The findings of this study have several important practical applications. In the realm of public health, the results strongly support the use of organic selenium, specifically in the form of selenium-enriched rice, as a dietary intervention for populations at risk of chronic copper exposure, whether from environmental contamination or occupational hazards. For the food and agricultural industry, this research provides a scientific basis for developing selenium-enriched rice as a novel functional food for human consumption and for formulating safer, more effective animal feed supplements. The inclusion of organic selenium in livestock feed could mitigate the adverse effects of copper supplements used as growth promoters, thereby enhancing animal welfare and reducing copper pollution in manure. Furthermore, our data on the differential efficacy and tissue accumulation of selenium forms offer valuable insights for regulatory bodies, informing more precise guidelines on the recommended form and dosage of selenium in nutritional supplements and fortified foods to maximize benefits and minimize the risk of selenotoxicity.

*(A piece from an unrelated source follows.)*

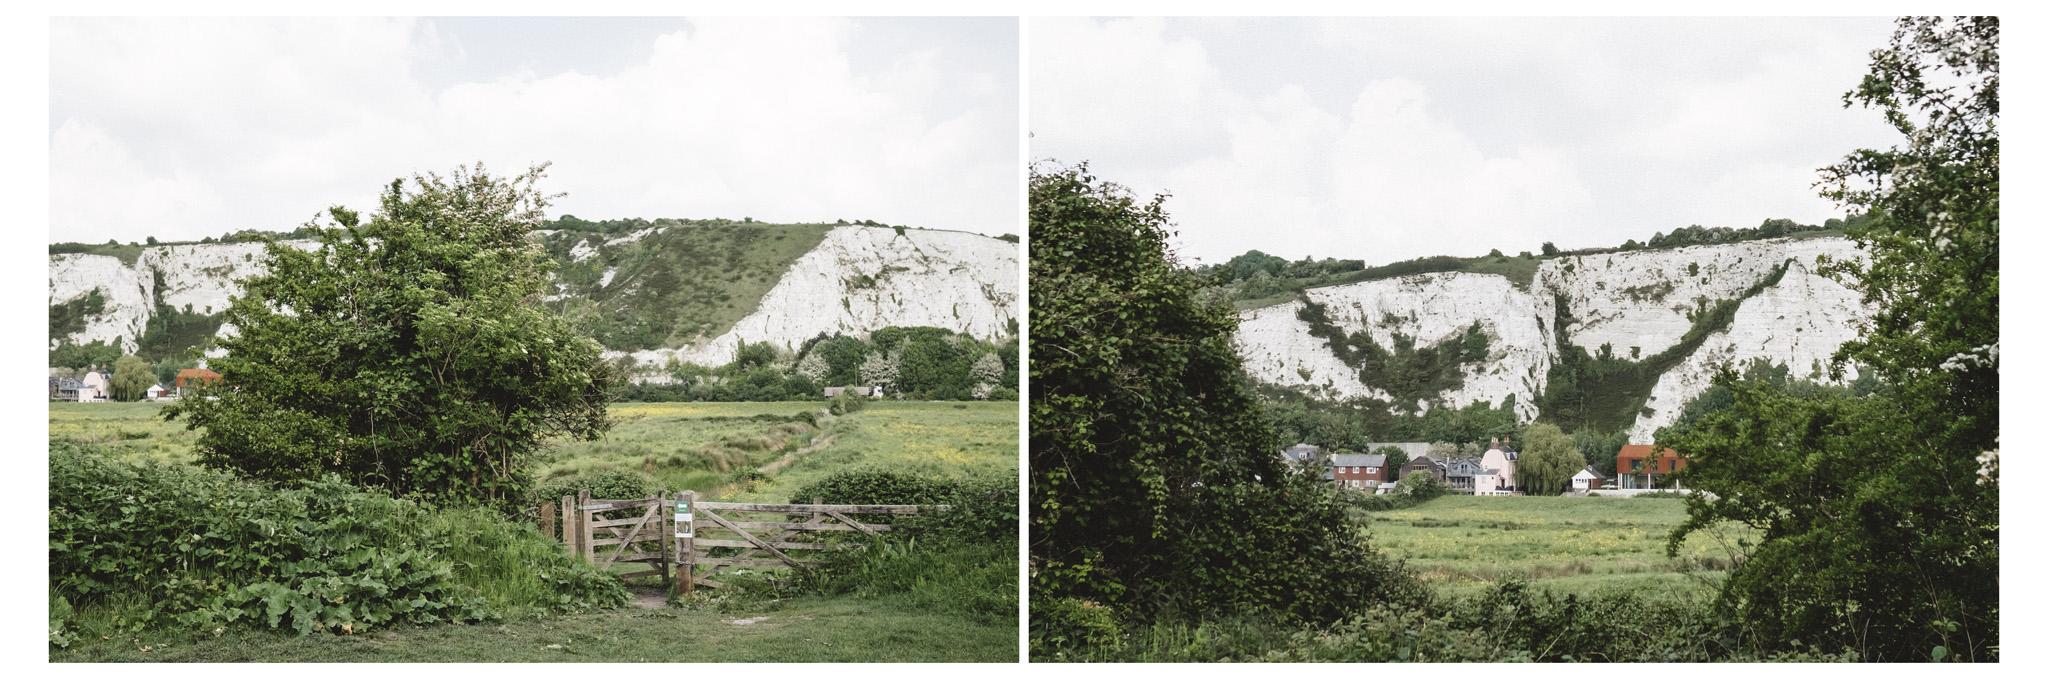 lewes_railway_land_web-9070.jpg

While this study provides comprehensive evidence for the protective role of organic selenium, certain limitations should be acknowledged. Firstly, the study was conducted in a controlled murine model and the translational applicability of the findings to other species or real-world exposure scenarios requires further validation. Secondly, although we identified transcriptomic changes, the specific contributions of individual selenoproteins in mediating the observed protection were not isolated, leaving the precise molecular mechanisms to be fully elucidated. Finally, the long-term consequences of the selenium intervention beyond 180 days remain unknown. Future research should therefore focus on applied trials in agriculturally relevant animals, utilize genetic knock-out models to pinpoint the roles of key selenoproteins, and investigate the lifelong health outcomes of such nutritional interventions to fully assess their efficacy and safety.

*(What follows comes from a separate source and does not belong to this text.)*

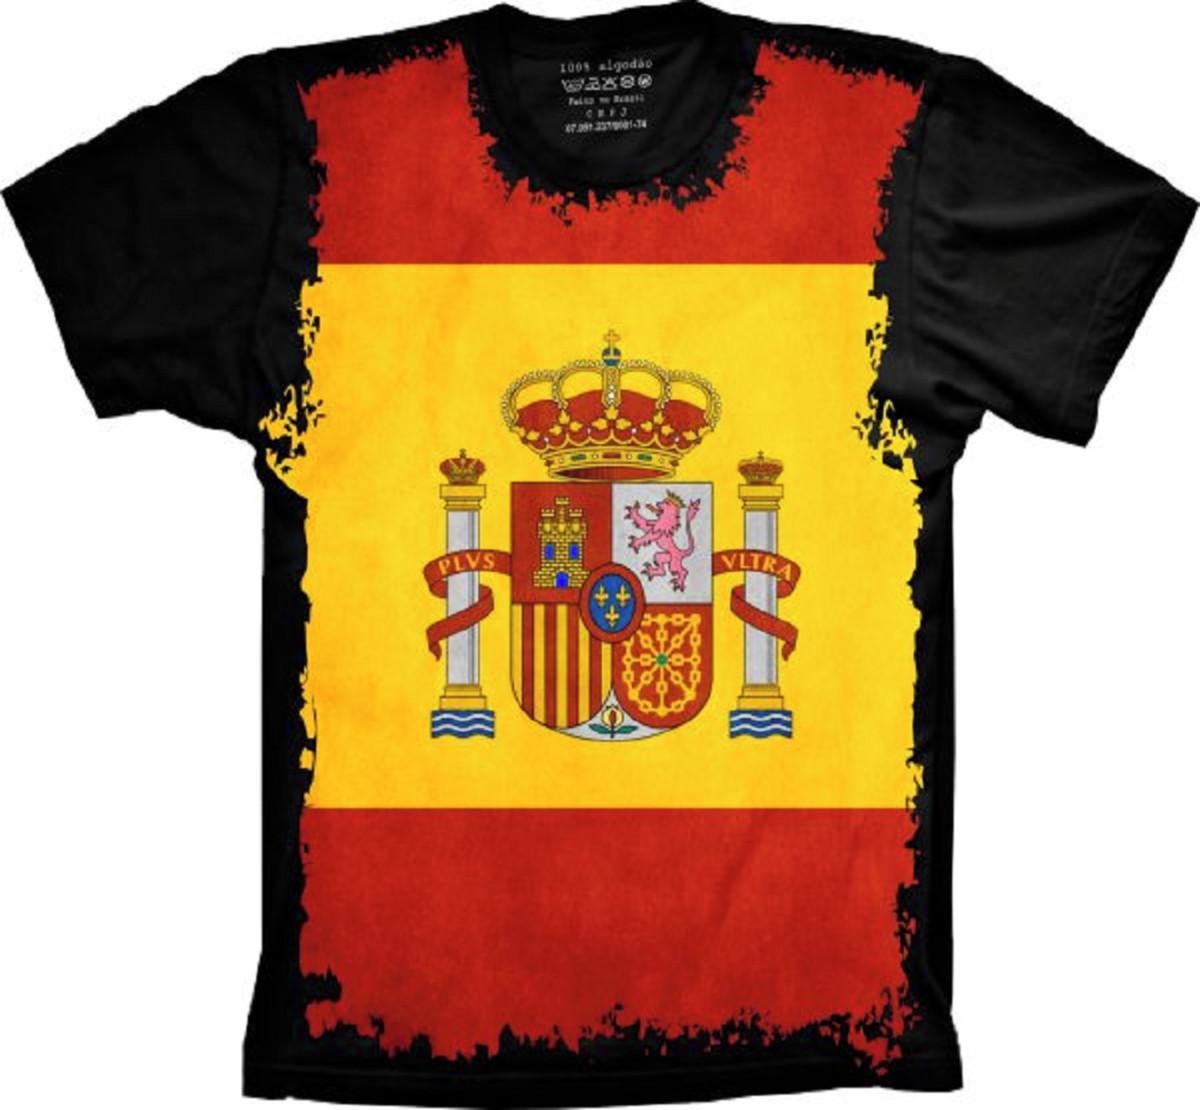 Camiseta Bandeira Espanha S-46 no Elo7  d6899619adeb7

Overall, these findings underscore selenium-enriched rice’s robust protective effect against copper-induced toxicity. The main mechanisms include restoration of mitochondrial function, reduction of ER stress and apoptosis, enhancement of antioxidant and detoxification defenses, and modulation of key metabolic and immune pathways. Selenium-enriched rice may thus represent a promising nutritional strategy for mitigating copper toxicity and preserving hepatic and renal health. Future studies should further investigate the roles of individual selenoproteins and assess long-term outcomes of selenium intervention under chronic copper exposure.